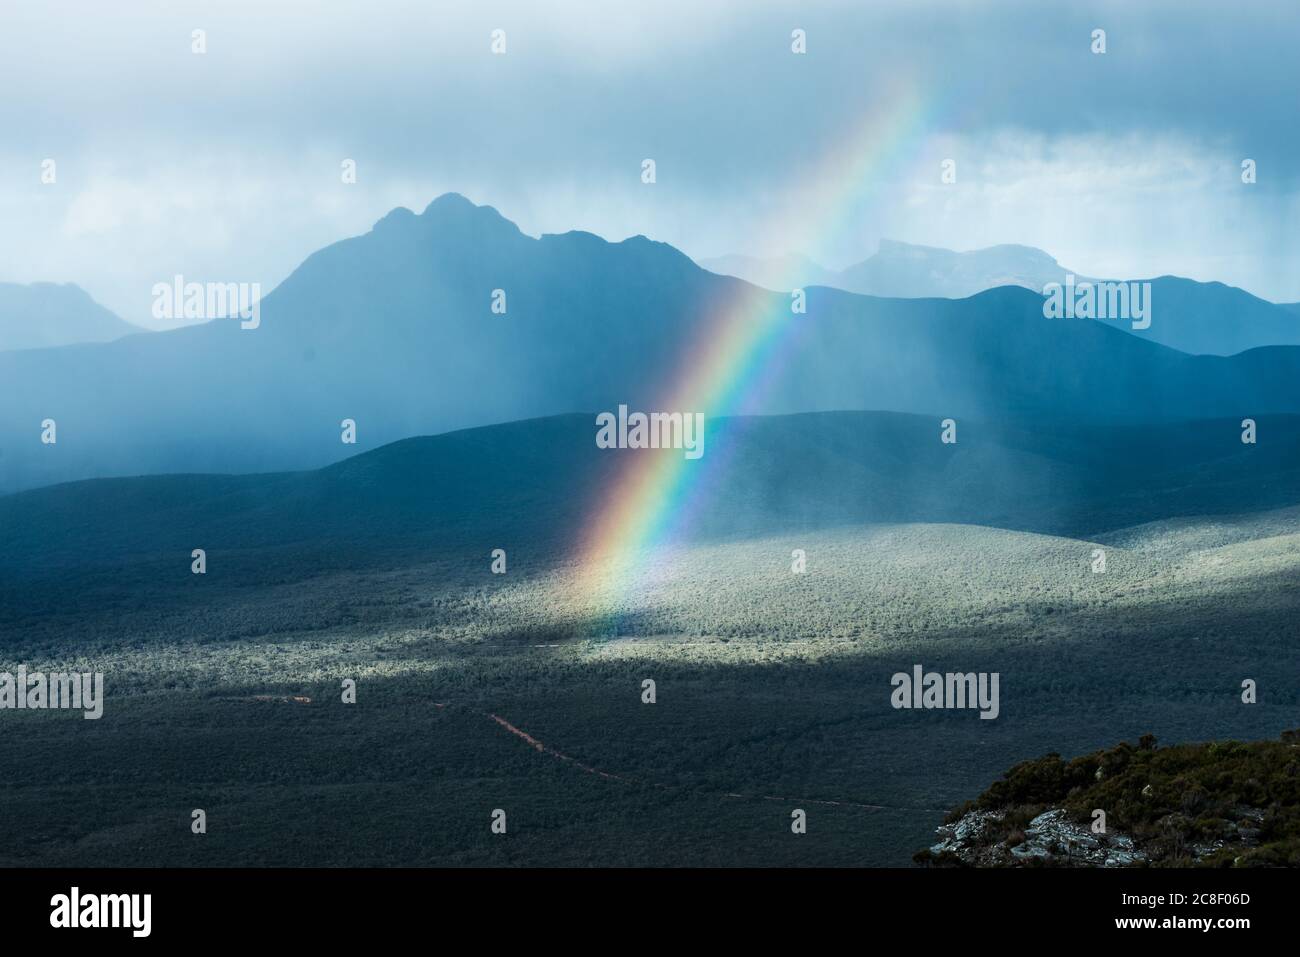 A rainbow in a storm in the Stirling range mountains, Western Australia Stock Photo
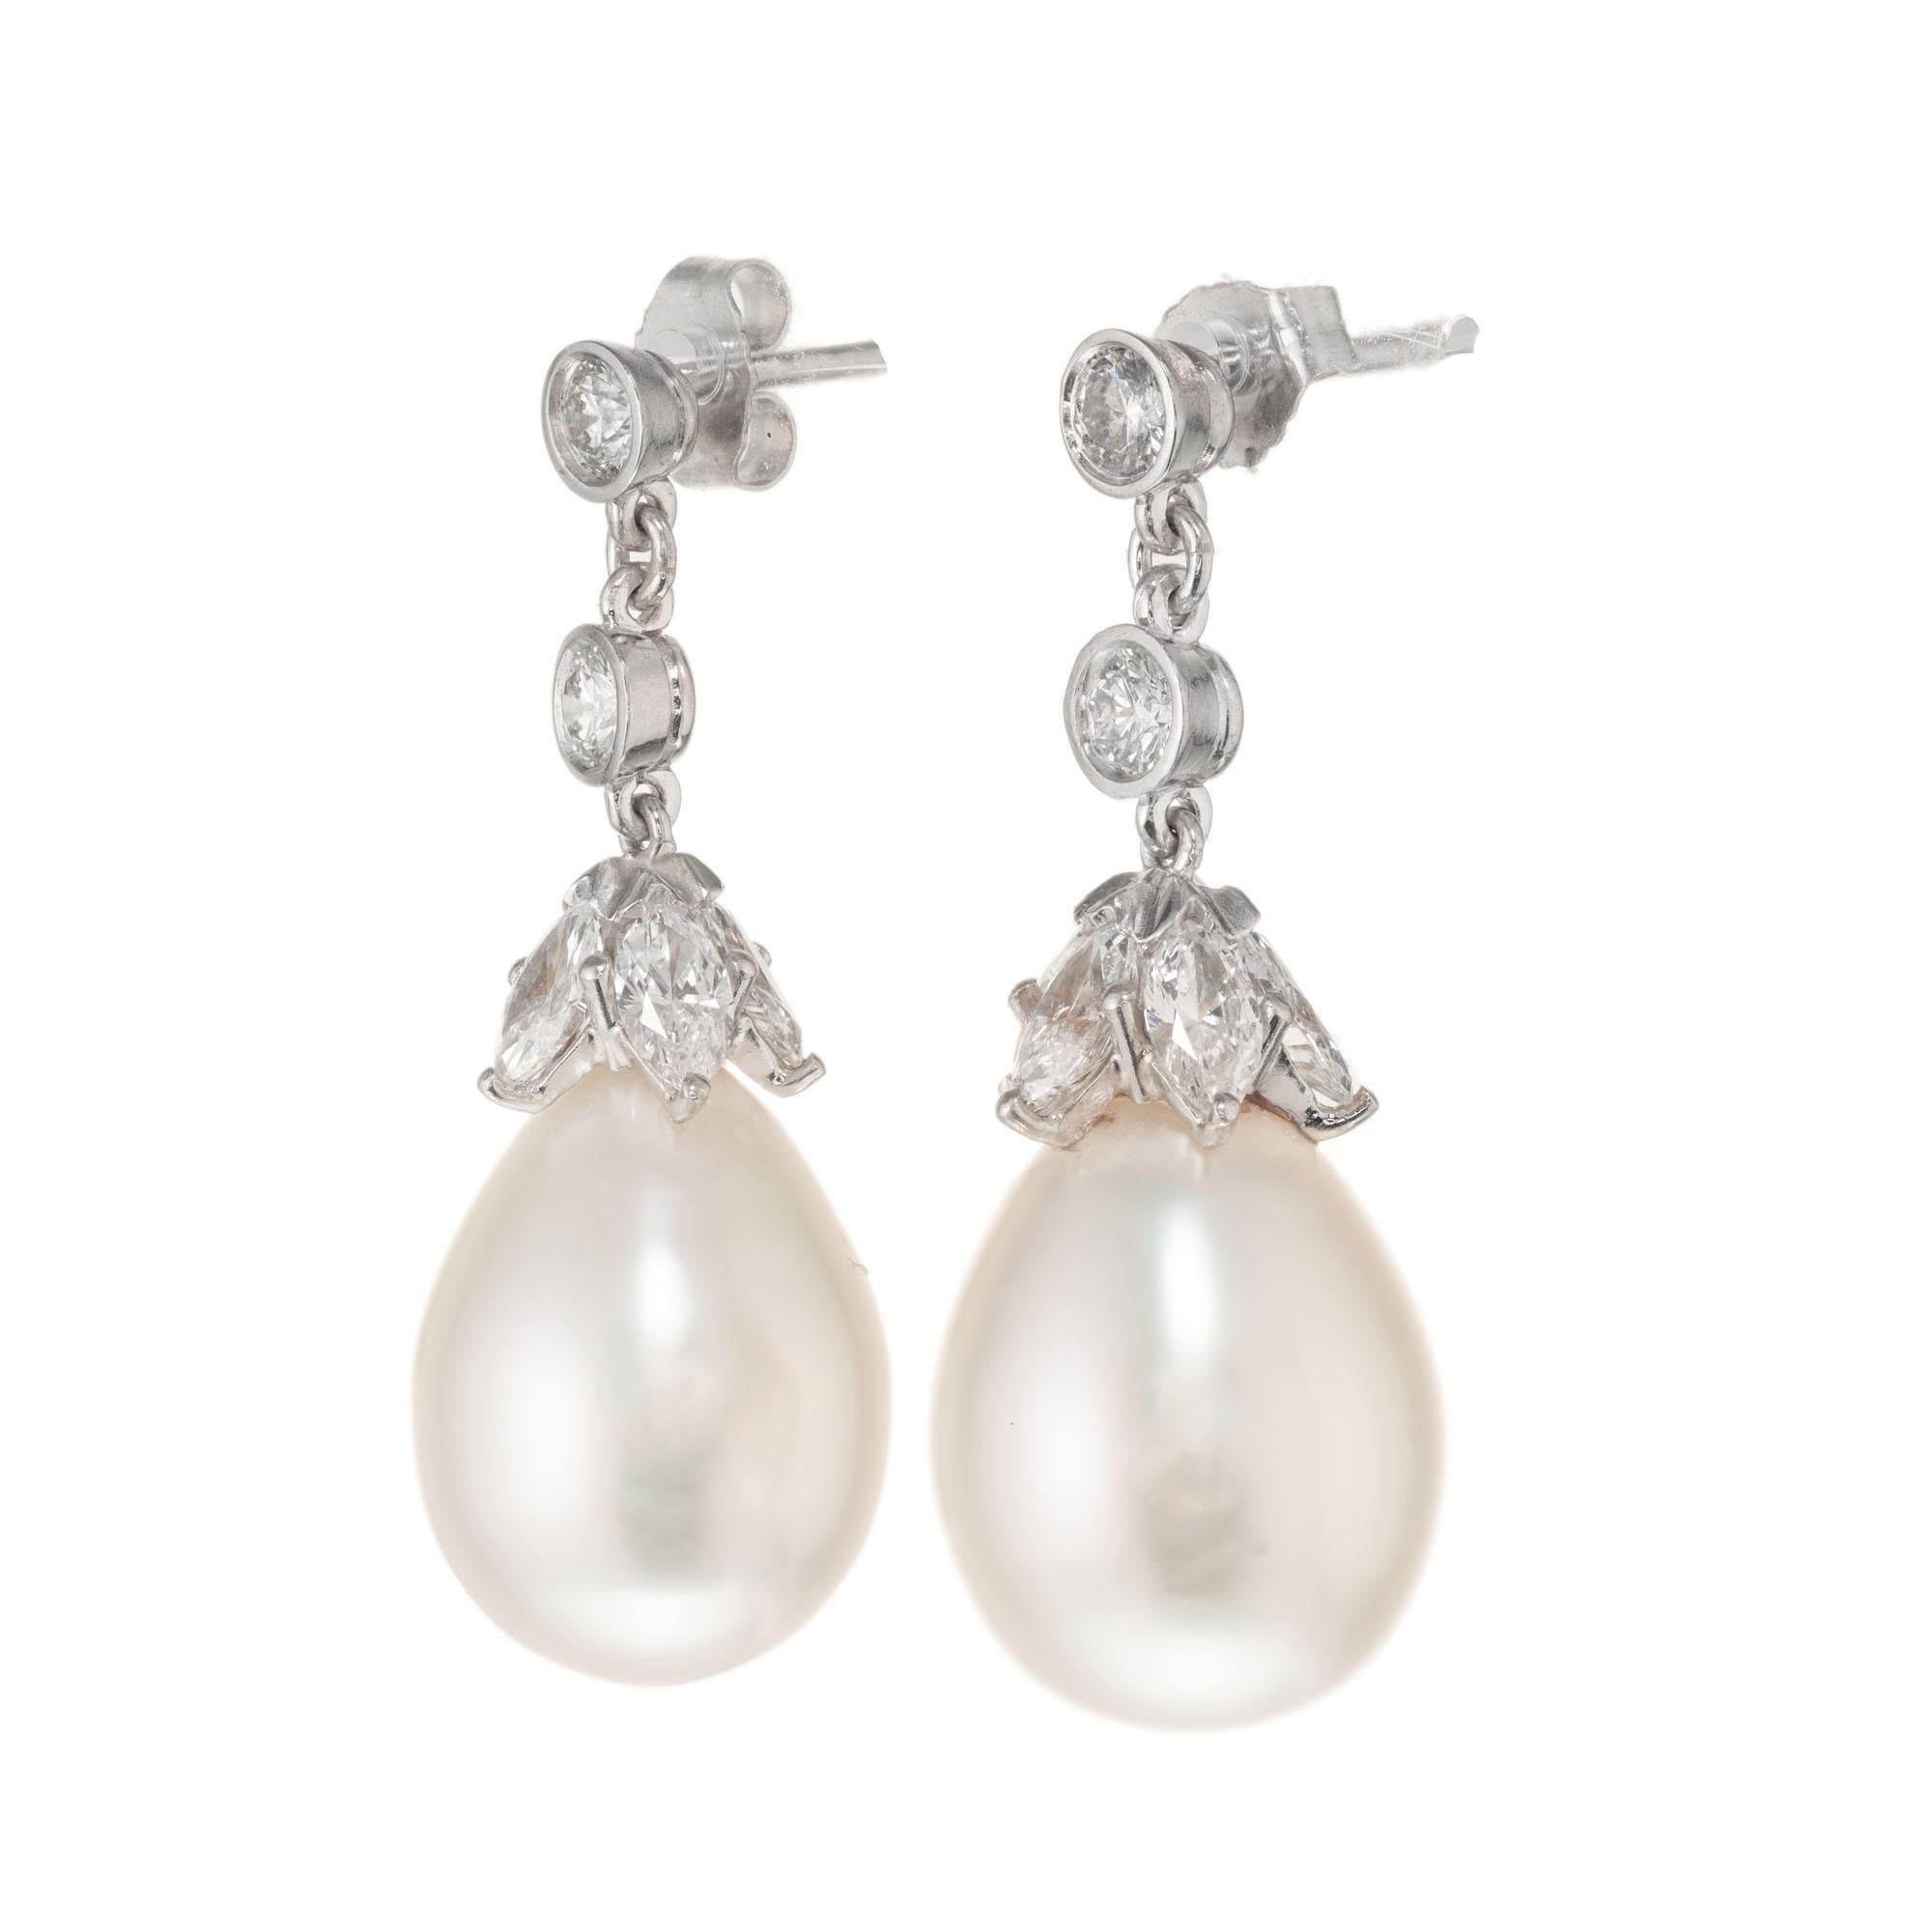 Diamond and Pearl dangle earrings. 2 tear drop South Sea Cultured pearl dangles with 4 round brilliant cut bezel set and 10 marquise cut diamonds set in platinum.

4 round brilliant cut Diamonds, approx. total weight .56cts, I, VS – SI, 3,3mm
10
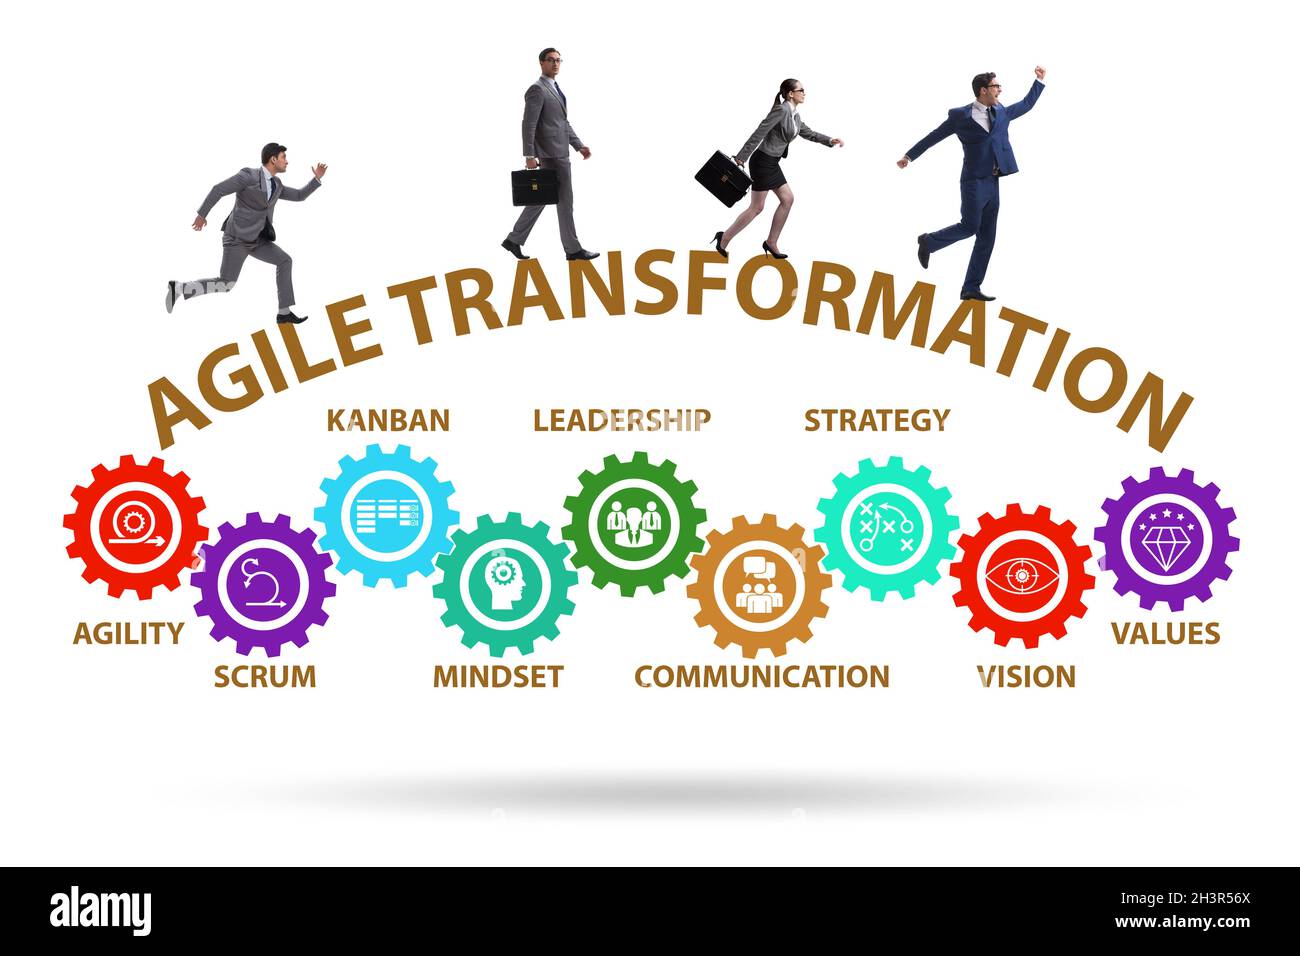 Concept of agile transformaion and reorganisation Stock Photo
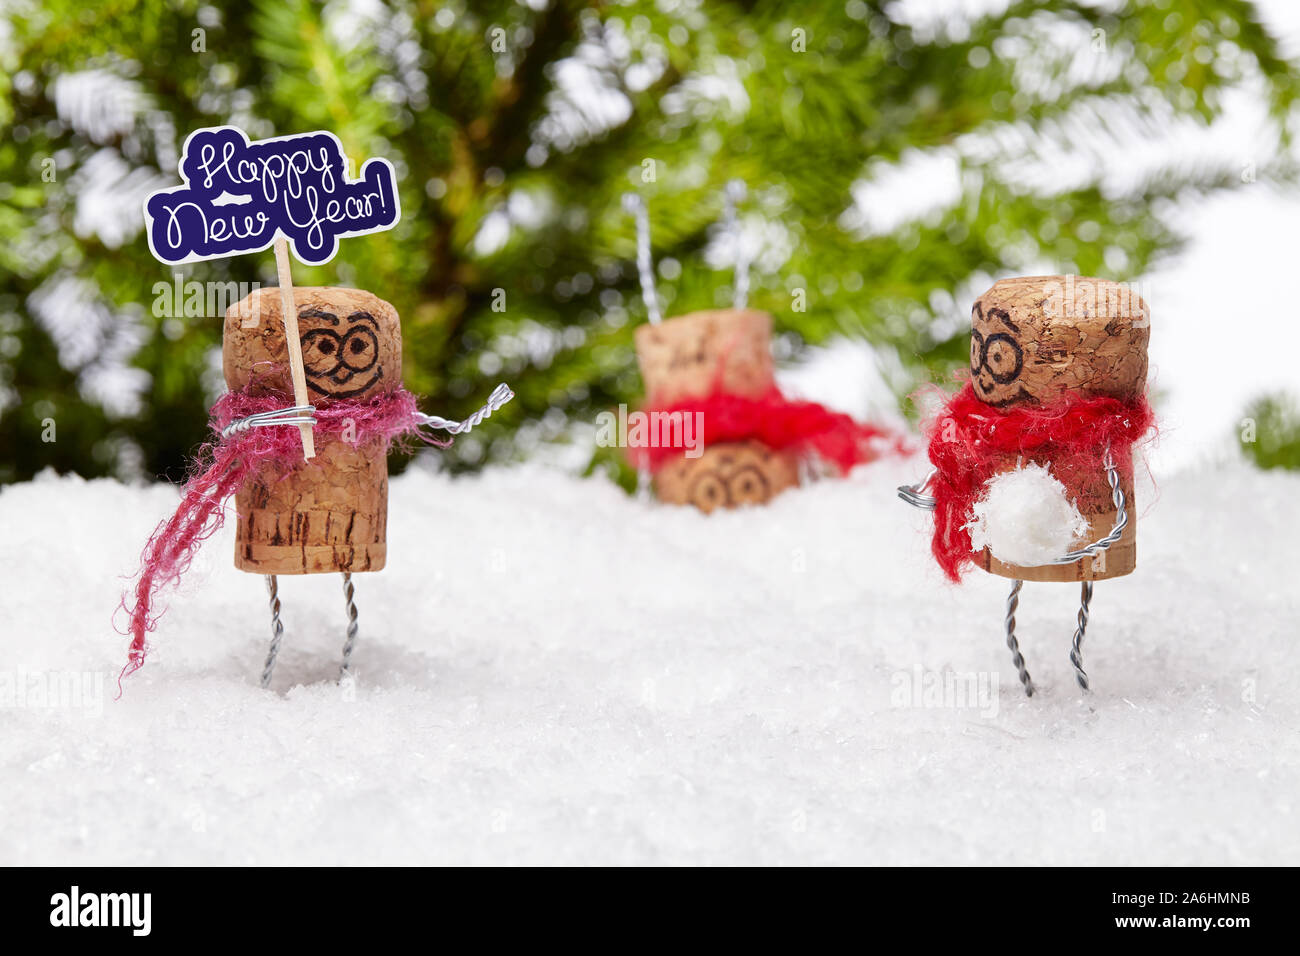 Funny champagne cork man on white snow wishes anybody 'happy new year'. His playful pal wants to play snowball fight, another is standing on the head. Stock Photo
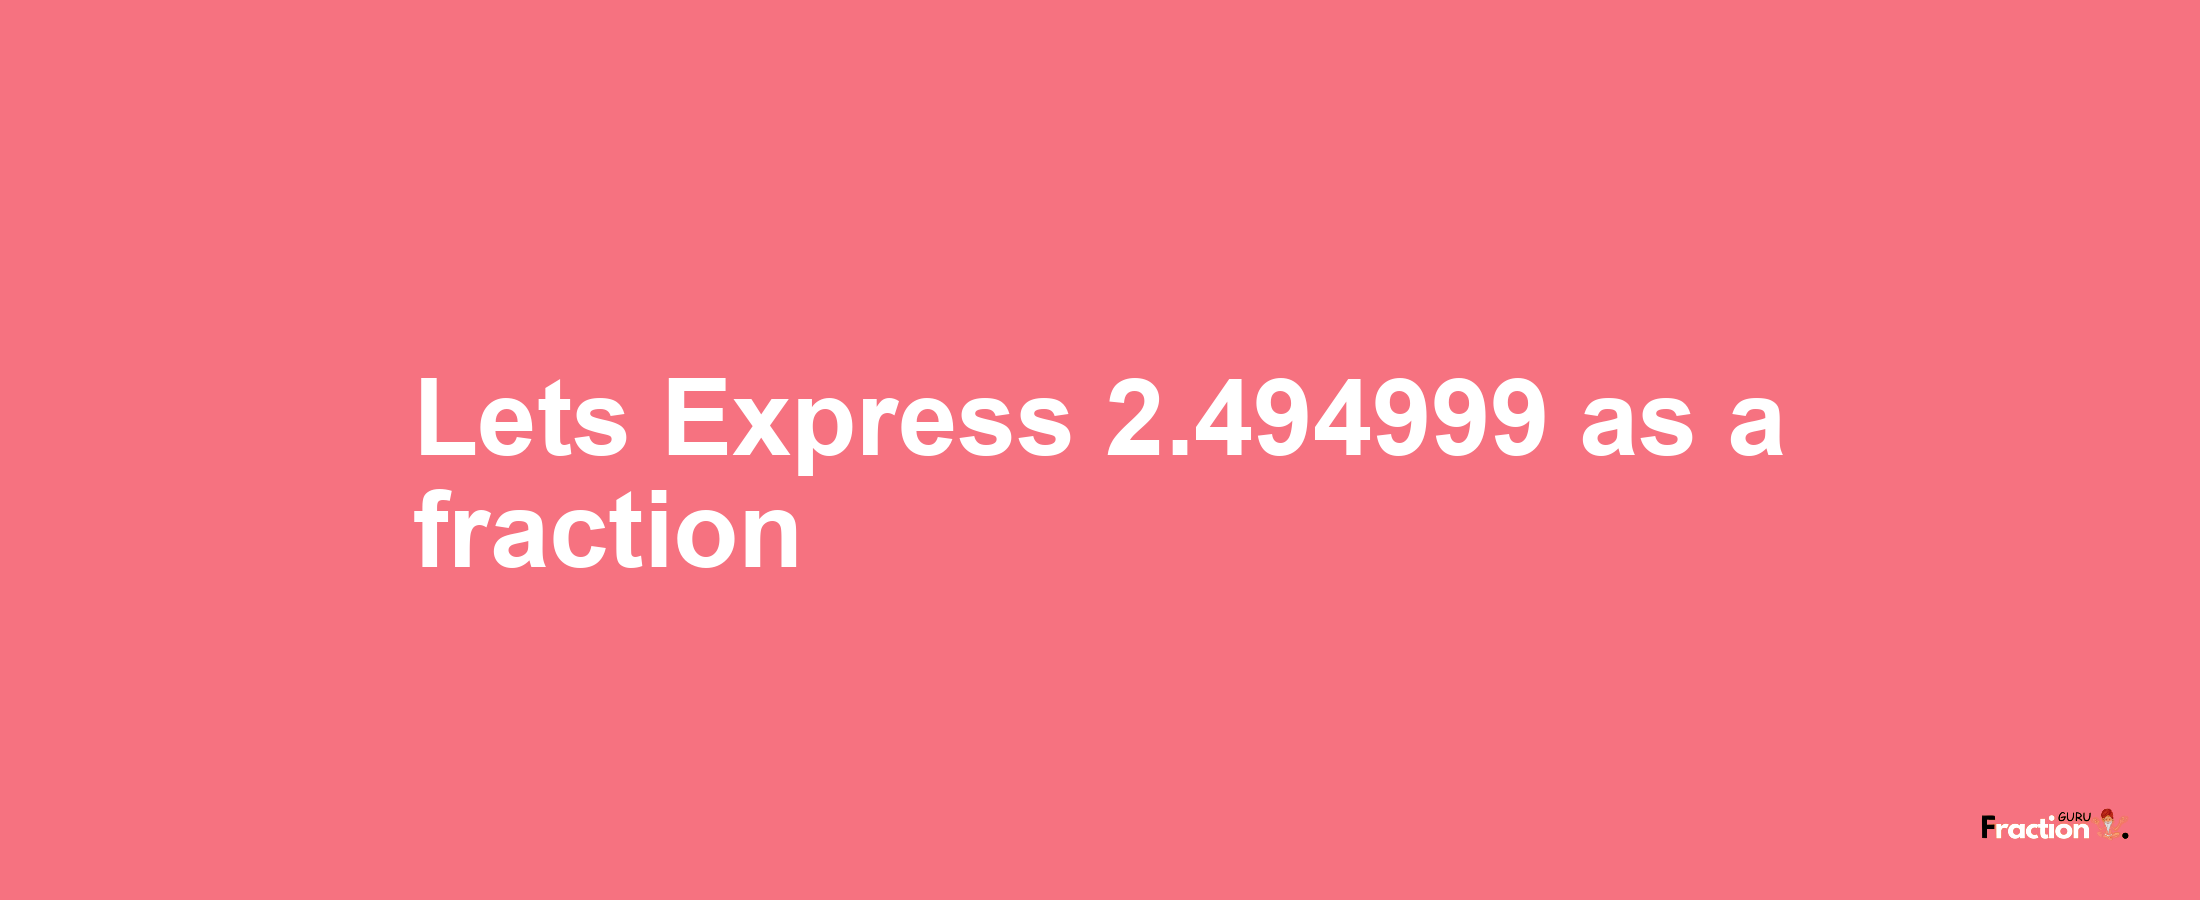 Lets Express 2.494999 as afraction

TASK INSTRUCTIONS
Write out the records once more, exactly as they stand, with no images.

REPLY
 A rainbow in a storm in the Stirling range mountains, Western Australia Stock Photo
 Diamond and Pearl dangle earrings. 2 tear drop South Sea Cultured pearl dangles with 4 round brilliant cut bezel set and 10 marquise cut diamonds set in platinum.

4 round brilliant cut Diamonds, approx. total weight .56cts, I, VS – SI, 3,3mm
10
 Concept of agile transformaion and reorganisation Stock Photo
 Funny champagne cork man on white snow wishes anybody 'happy new year'. His playful pal wants to play snowball fight, another is standing on the head. Stock Photo
 Lets Express 2.494999 as afraction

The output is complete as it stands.